Montelukast, a cysteinyl leukotriene D4 receptor antagonist has been shown to inhibit IL4 production in isolated human ILC2 cells [31]. However, this is in contrast to our own findings, where in a complex in vivo setting, montelukast failed to exhibit significant inhibition of not only IL4 but also of other cytokines and chemokines involved in the allergic response. Moreover, montelukast did not inhibit ILC2 infiltration into inflamed airways, hence we conclude that migration of ILC2 cells to the airways in the current mouse model was not dependent on eicosanoids such as leukotriene D4. In addition, we did not observe any effect of montelukast dosing on the accumulation of Siglec-Fhi inflammatory eosinophils in the airways.
Our data demonstrates that the PI3Kδ inhibitor PI-3065 reduces the expression of IL2 and IL33, key mediators of ILC2 cell proliferation and activation [32, 33]. As a consequence, we observed a profound inhibition of ILC2 accumulation into inflamed airways with PI-3065 treatment. Overall, our data suggest a critical function of PI3Kδ which to our knowledge has not been reported. This function is in addition to the known roles of PI3Kδ in allergic asthma such as; leucocyte migration into inflamed tissues [34-36], release of asthma relevant cytokines (IL4 and IL5) [37] and chemokines (RANTES and eotaxin) [38]. Moreover, PI-3065 treatment reduced airway goblet cell metaplasia which was concomitant with reduction in IL13 levels, a cytokine that induces goblet cell metaplasia in the airways [39, 40]. We also report for the first time that PI3Kδ inhibition attenuated the migration of Siglec-Fhi inflammatory eosinophils into the airways post allergen re-challenge without effecting the lung resident and regulatory Siglec-Fint eosinophil population. Furthermore, PI-3065 reduced levels of RANTES (CCL5), another important mediator for the haematopoiesis, survival and chemotaxis of eosinophils to asthmatic airways [41].

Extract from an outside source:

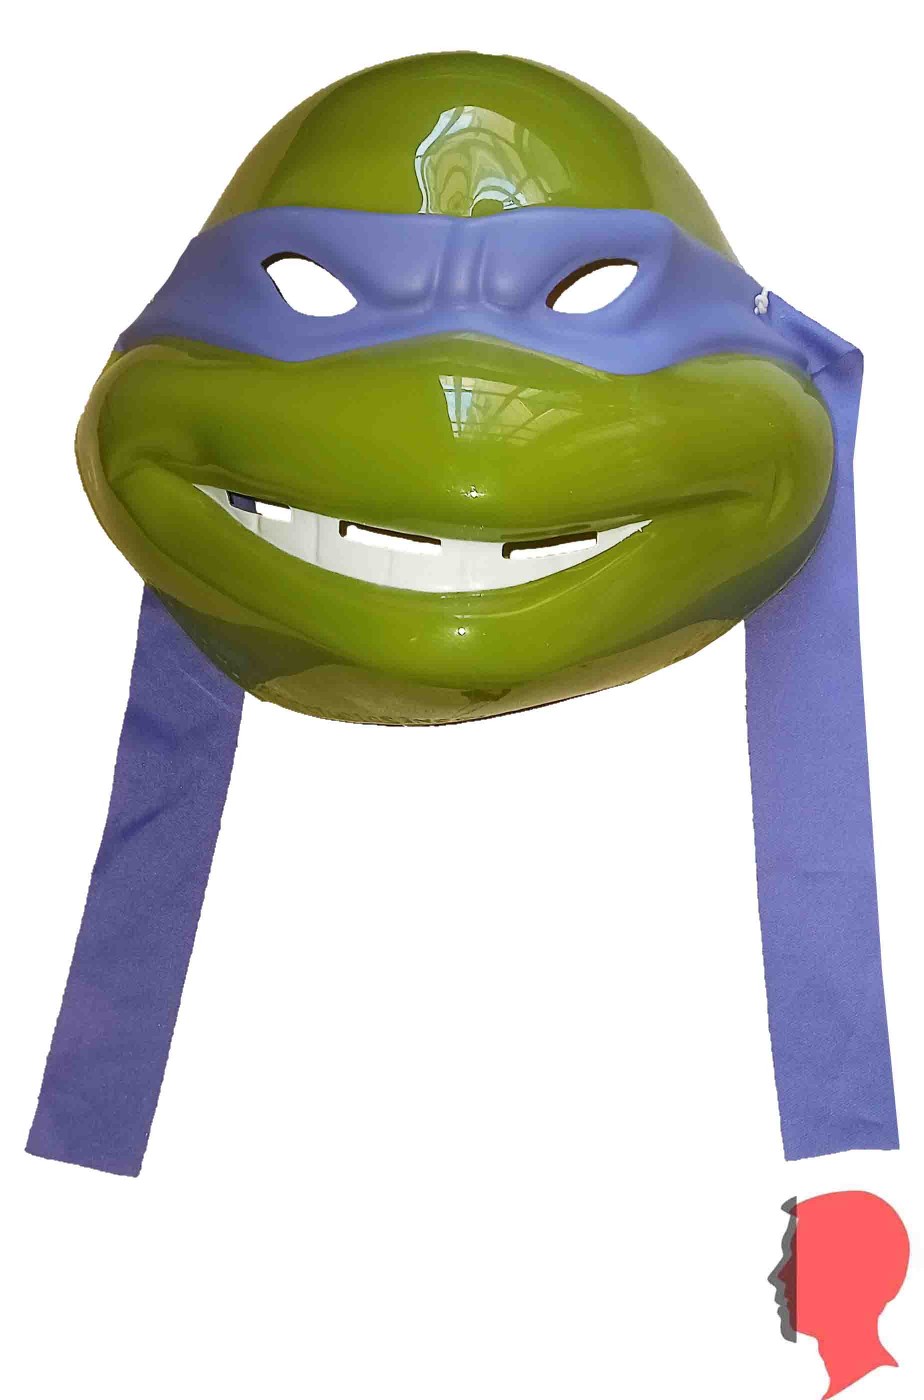 https://carnivalhalloween.com/24042-large_default/maschera-donatello-ninja-turtles-in-plastica-.jpg

In these studies, we have developed a murine model incorporating sensitisation, resolution and allergen re-challenge which allowed us to uncover the persistence of ILC2 cells in the airways of mice. Airway accumulation of this cell type was found to be PI3Kδ dependent. Re-challenge to allergen after a period of inflammation resolution, uncovered an inflammatory population of eosinophils, the migration of which we found to be dependent on PI3Kδ. Key cytokines that activate ILC2 cells (IL33) or induce goblet metaplasia (IL13), were ablated by PI3Kδ inhibition and cytokines resulting from ILC2 activation were also dampened. To date PI3Kδ inhibitors tested in asthmatics have not met the primary endpoint of improving lung function in their clinical trials. This indicates a lack of translatability of our model with asthma, which is a heterogeneous disease resulting from a combination of multiple factors beyond allergens. Of notes, the levels of the type 2 pro-inflammatory cytokines including IL5, and IL13 measured in the sputum of patients treated with nemiralisib were reduced when compared to those treated with placebo [16]. This agrees with a critical role for PI3Kd in type 2 inflammatory cells including ILC2s. Our data combined underscores the need to define the right allergic patient population and clinical setting in which ILC2s play a critical pathological role [42].